My lack of having patience is something I speak openly about often…. I have prayed for patience so many times and yet still have none…. I’m figuring out that patience is something that must be learned, it’s not just given. I’m not sure if I have the patience to learn patience… But I will try. I am always on a mission to better my life and the lives around me…. (As I type this I’m thinking… God can you just give me patience to be patient enough to learn patience…. Ohhhhh Kylie…..) I have a true test in patience in front of me currently and I truly think the wait will be worth it in the long run… Maybe this is God’s way of answering my prayers and finally teaching me. Hmmmmm……..
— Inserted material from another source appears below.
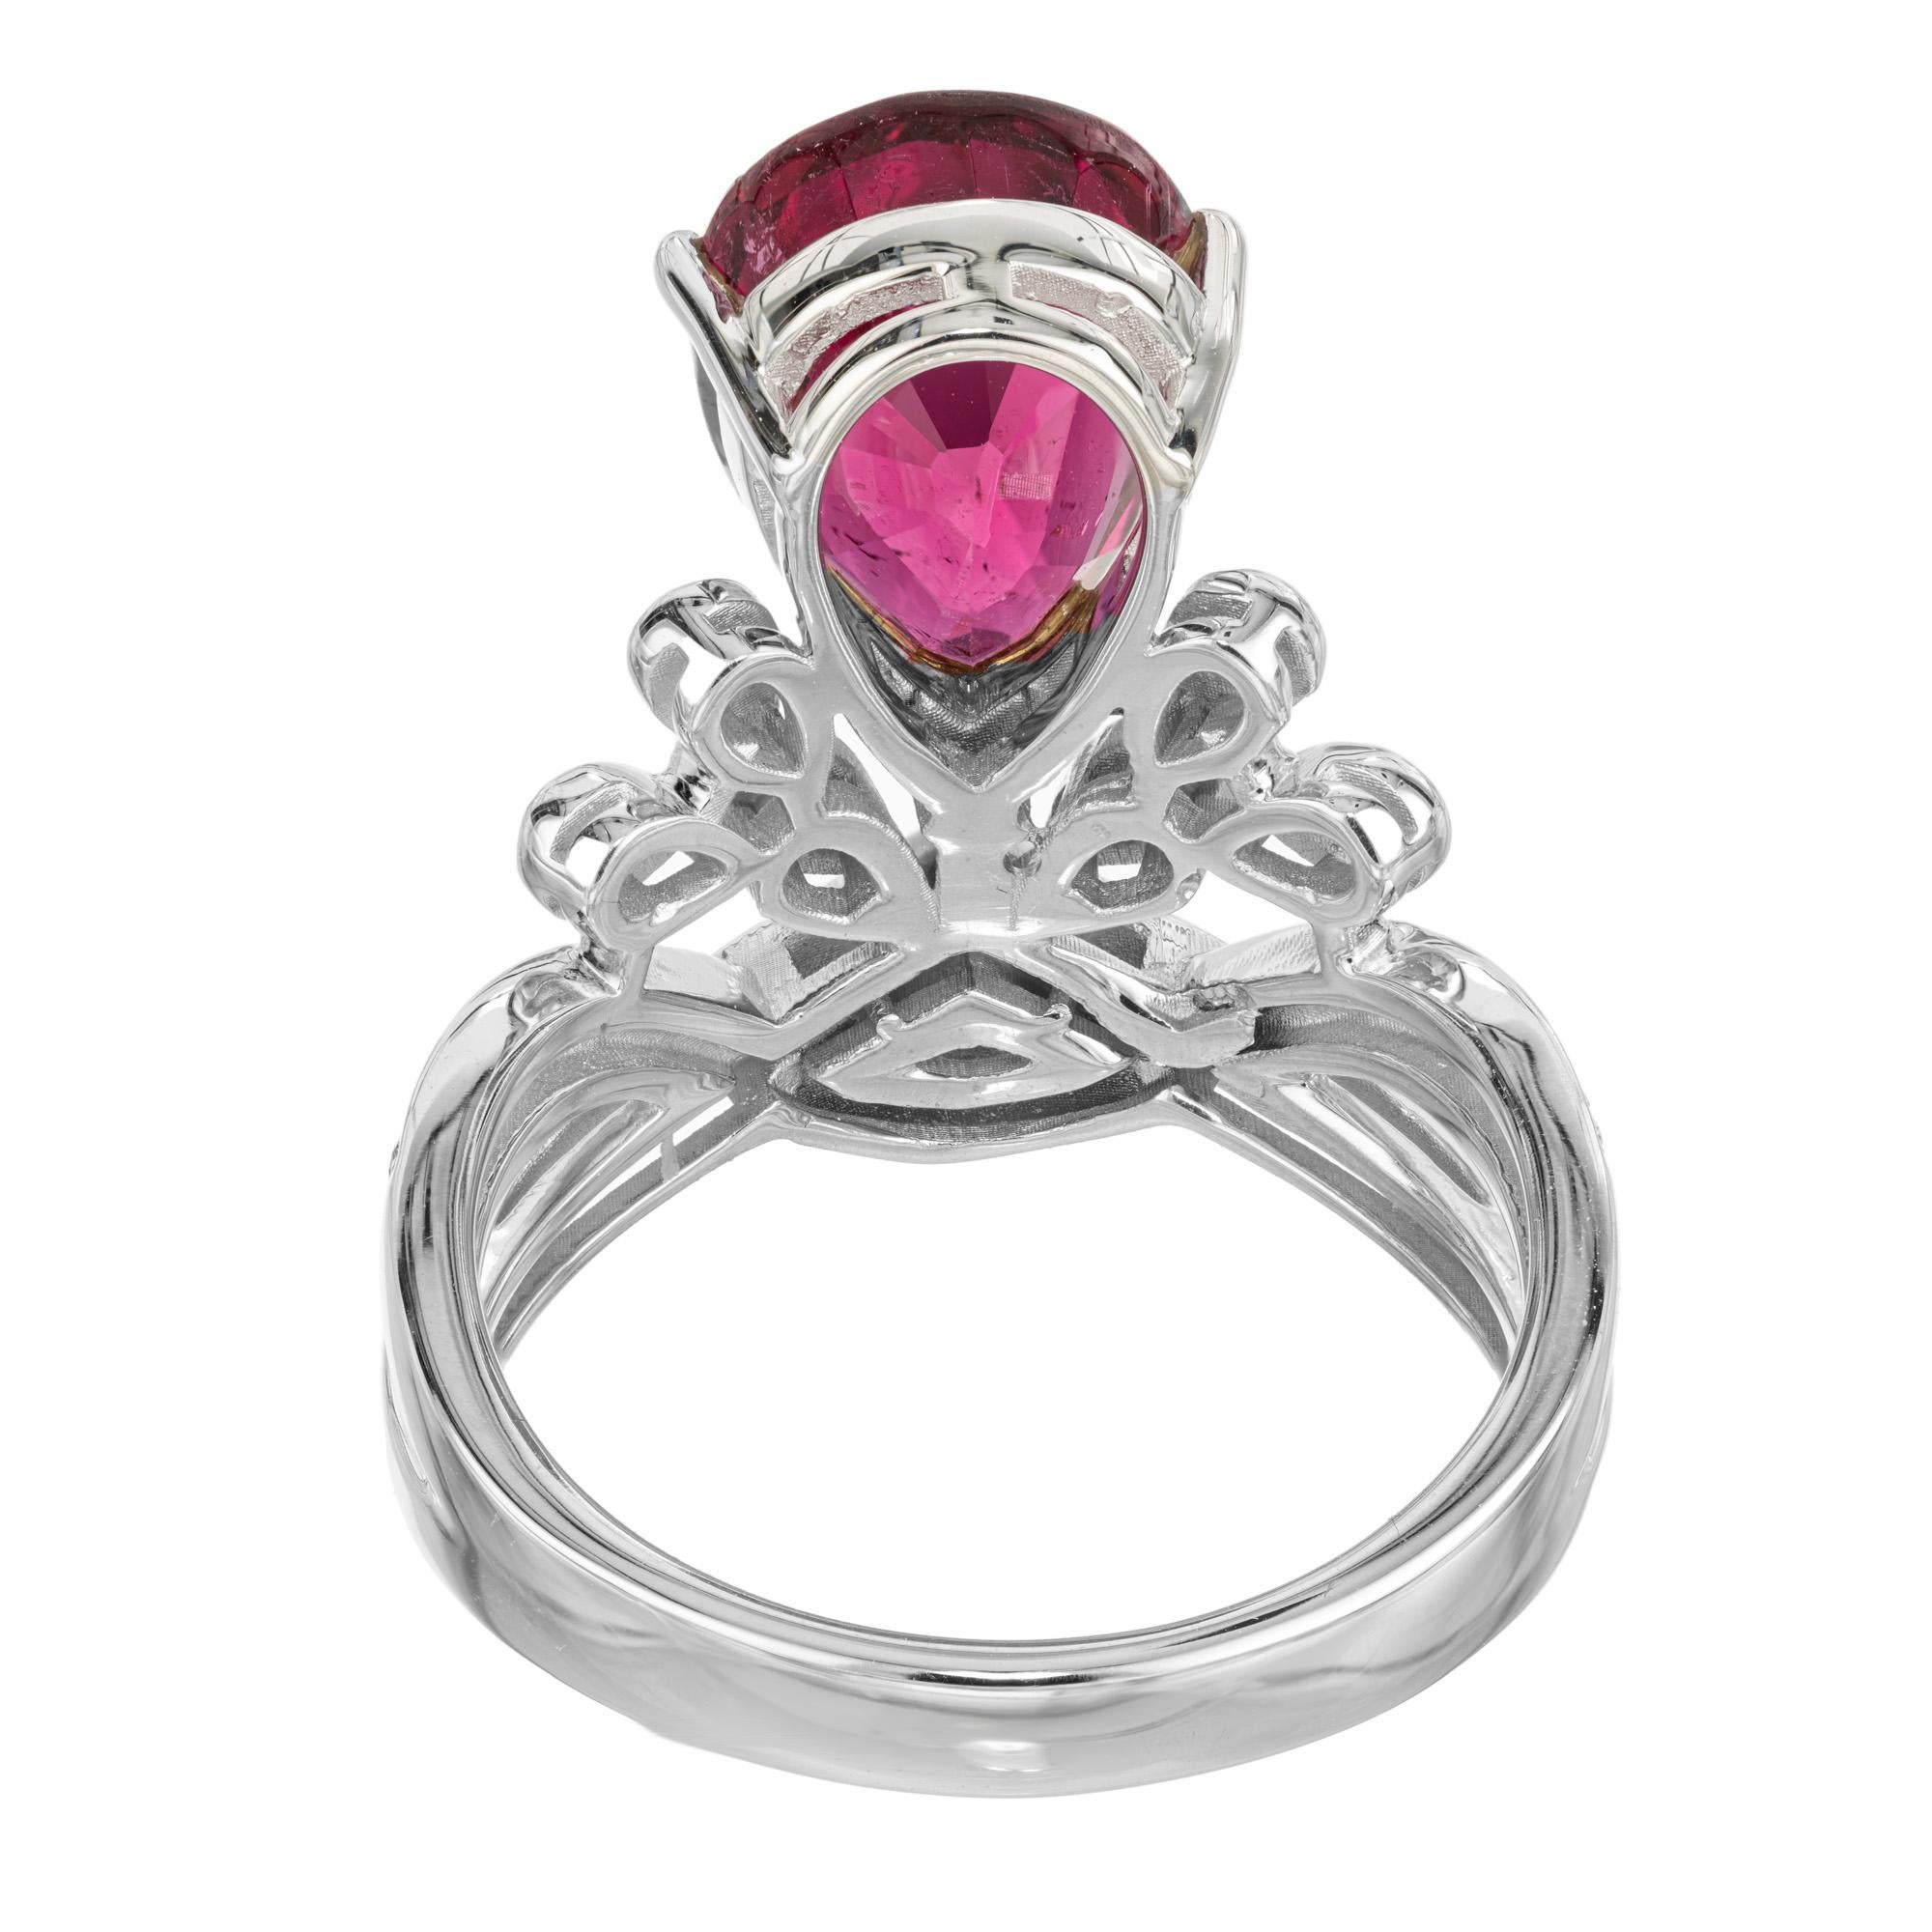 3.15 Carat Pear Tourmaline Diamond White Gold Cocktail Ring  In Good Condition For Sale In Stamford, CT

My little ankles are swelling again which means the ole kidneys are being turds again…. I’m not happy about it, so I’m just going to drown my kidneys with water and hope for the best. I’m not doing all those stupid tests again. They couldn’t figure out what the hell happened after god knows how many…. And I’m not a fan of the tests…. Or the waiting for the results. This makes me grouchy just thinking about it, so lets move on….
Today my oldest turned 17 years old. The fucked up part about this is I still feel 17 years old. And I definitely don’t look my age at all… I really don’t like the fact that in one year from today, my angel will be a legal adult. An adult? I just had this kid yanked out of my body I thought… It feels like yesterday…. Time flies at an incredible pace…. This young man turned out to be such a wonderful human being in every way and I’m so proud… But I want to hit the rewind button and do it all again… Relive every laugh and every moment of the last 17 years again. They were the most precious years of my life… And soon, he will be on his own and one day having his own little guy being yanked out his future wife… This is making me tear up…. I’m not ready. I know life doesn’t wait on me, but since I can’t hit rewind, can’t I just have a pause button for a while so I can look around and really just absorb it all?